Mentre molti dei suoi contemporanei vedevano i primi computer meccanici principalmente come dei “number-crunchers”, lei si chiedeva cosa ci fosse oltre l’esecuzione dei calcoli. Era curiosa del più ampio potenziale dei computer meccanici come strumenti di collaborazione. Sperava di vedere computer che avrebbero dato potere agli umani molto di più che non solo attraverso l’automazione dei calcoli.

Il diagramma di Lovelace dalla “nota G”, il primo algoritmo informatico pubblicato, di Ada Lovelace – http://www.sophiararebooks.com/pictures/3544a.jpg, Public Domain, https://commons.wikimedia.org/w/index.php?curid=37285970

Purtroppo, la costruzione del Motore Analitico non fu completata prima della morte di Ada, e così lei non fu mai in grado di vedere il suo algoritmo in azione. Purtroppo, il motore analitico non è stato costruito fino ad oggi. Un altro progetto di Charles Babbage, il Difference Engine №2, è stato costruito dal London Science Museum solo nel 1991. È stato dimostrato che è funzionale, utilizzando materiali e tecnologie disponibili a Charles Babbage. Sembra che Babbage sia stato solo sfortunato quando si è trattato di far costruire i suoi progetti. Altre implementazioni parziali del lavoro di Charles esistono altrove, ma sfortunatamente non possiamo eseguire l’algoritmo di Ada Byron su un vero motore analitico.

Il diciannovesimo secolo divenne un’era di “algoritmi incorporati nelle macchine”.
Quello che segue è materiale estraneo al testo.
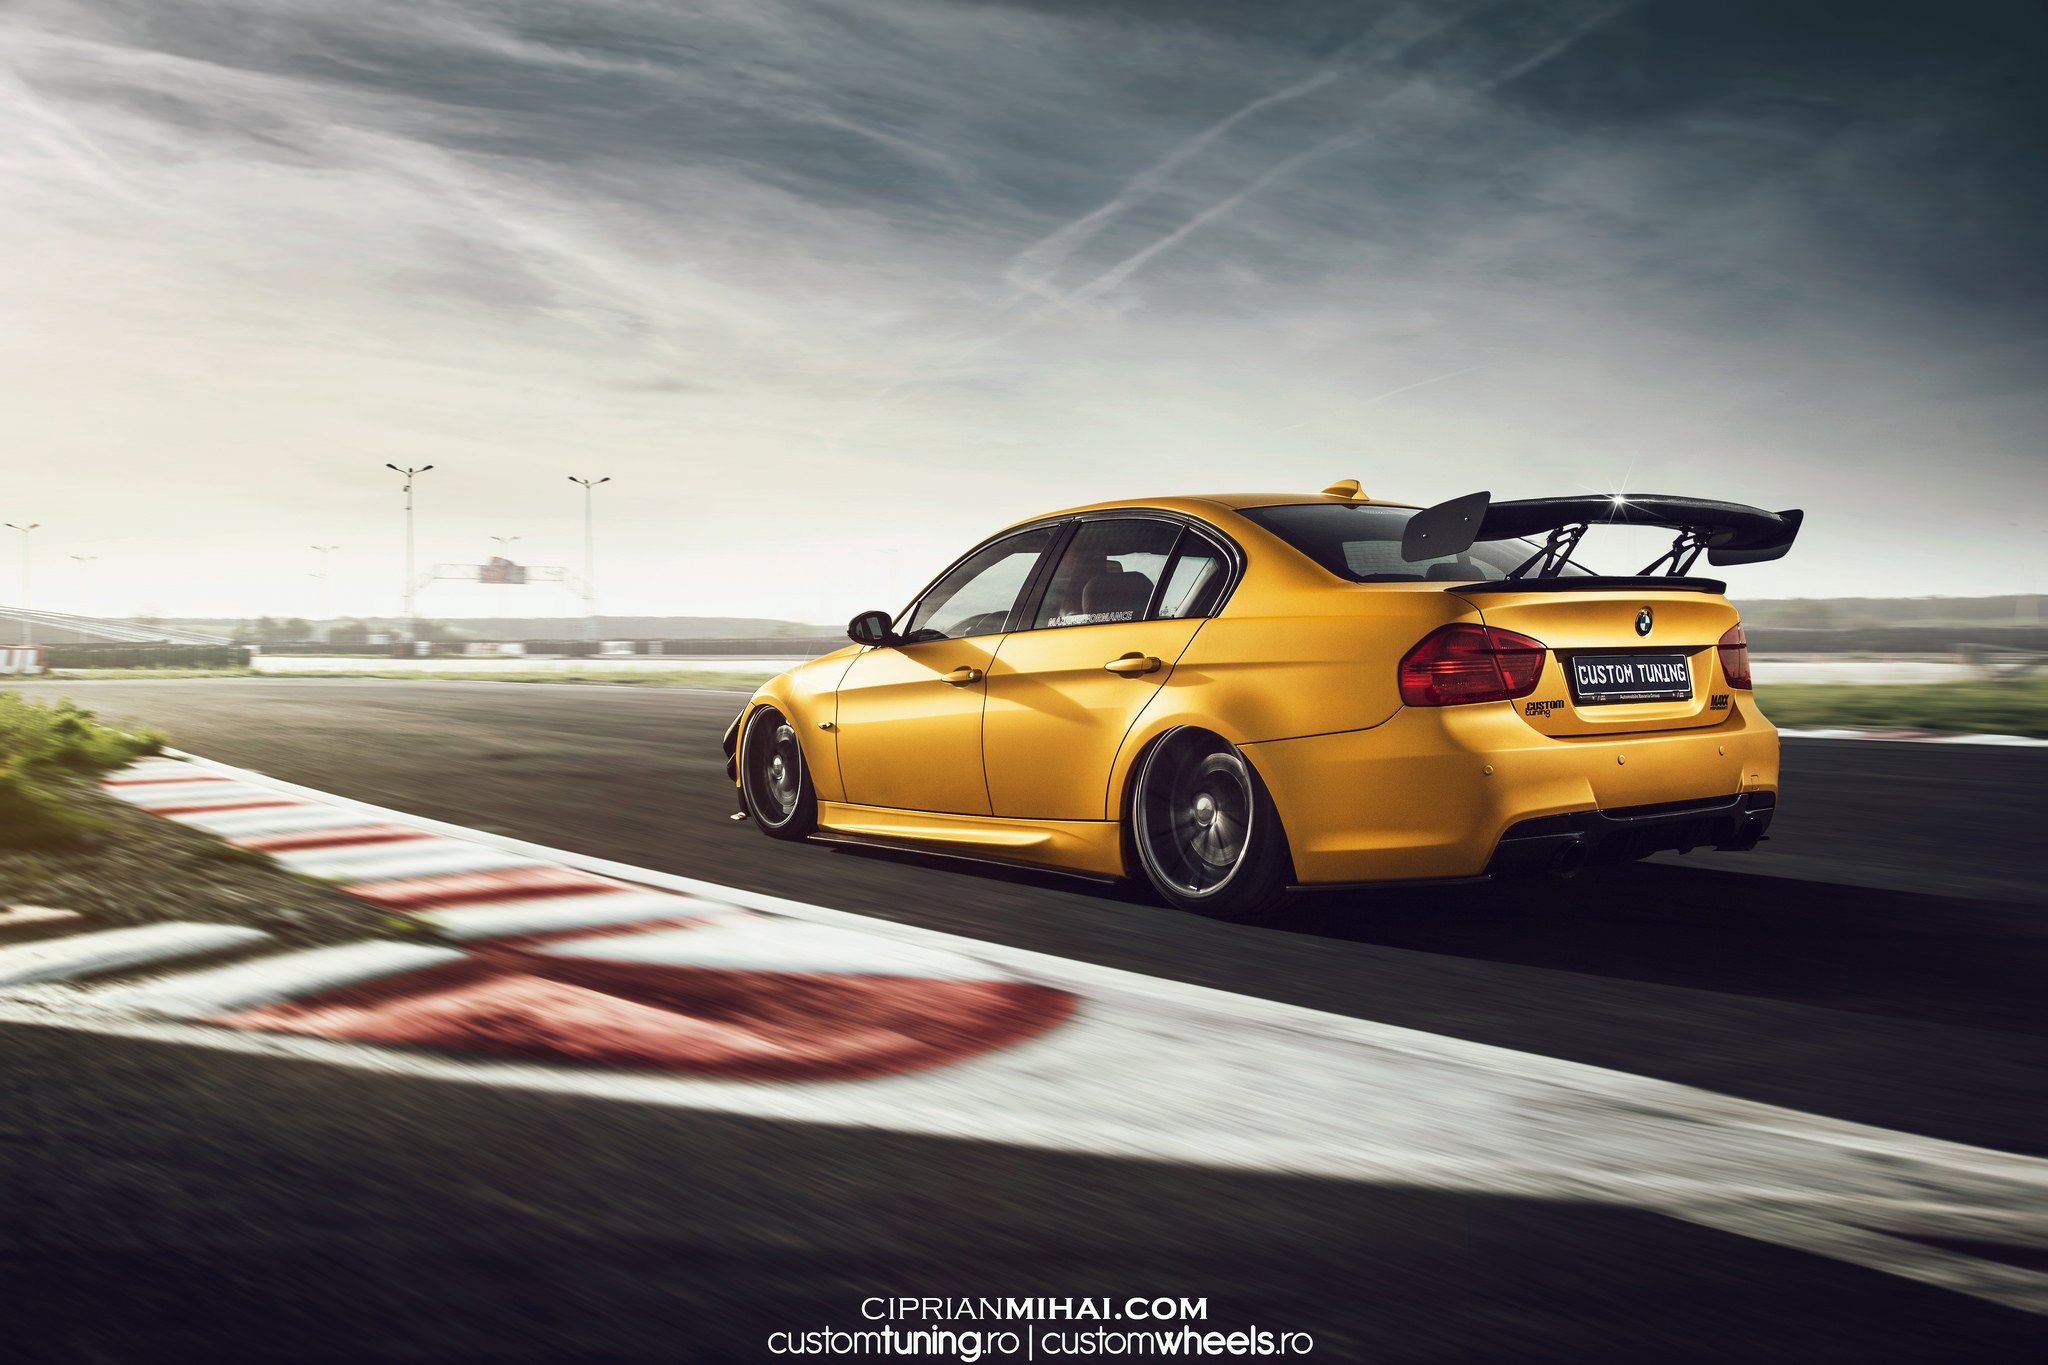 Large Wing Spoiler on Yellow BMW 3-Series - Photo by Ciprian Mihai

C’erano un sacco di questi, che automatizzavano ogni sorta di azioni umane. Se avevi bisogno di un disegno intricato su un pezzo di tessuto, Joseph Marie Jacquard, un tessitore e mercante francese, aveva una soluzione per te: il telaio Jacquard. Permetteva ai produttori di tessuti di produrre modelli sofisticati usando una serie di schede perforate che istruivano un telaio su come tessere. In modo simile, le prime centrali telefoniche utilizzavano sofisticati dispositivi meccanici per collegare le telefonate. Essi seguivano automaticamente le istruzioni passo dopo passo per far sì che due persone si parlassero. Queste macchine, sia i telai che le centrali telefoniche, erano all’avanguardia all’epoca, e sono ancora impressionanti fino ad oggi. È difficile non ammirare i livelli di intricatezza di alcune di queste macchine. Tuttavia, tutti questi dispositivi erano ancora puramente meccanici. Erano fatti di leve, interruttori, alberi. Facevano molto rumore. Ed erano molto lontani da ciò che oggi chiamiamo computer.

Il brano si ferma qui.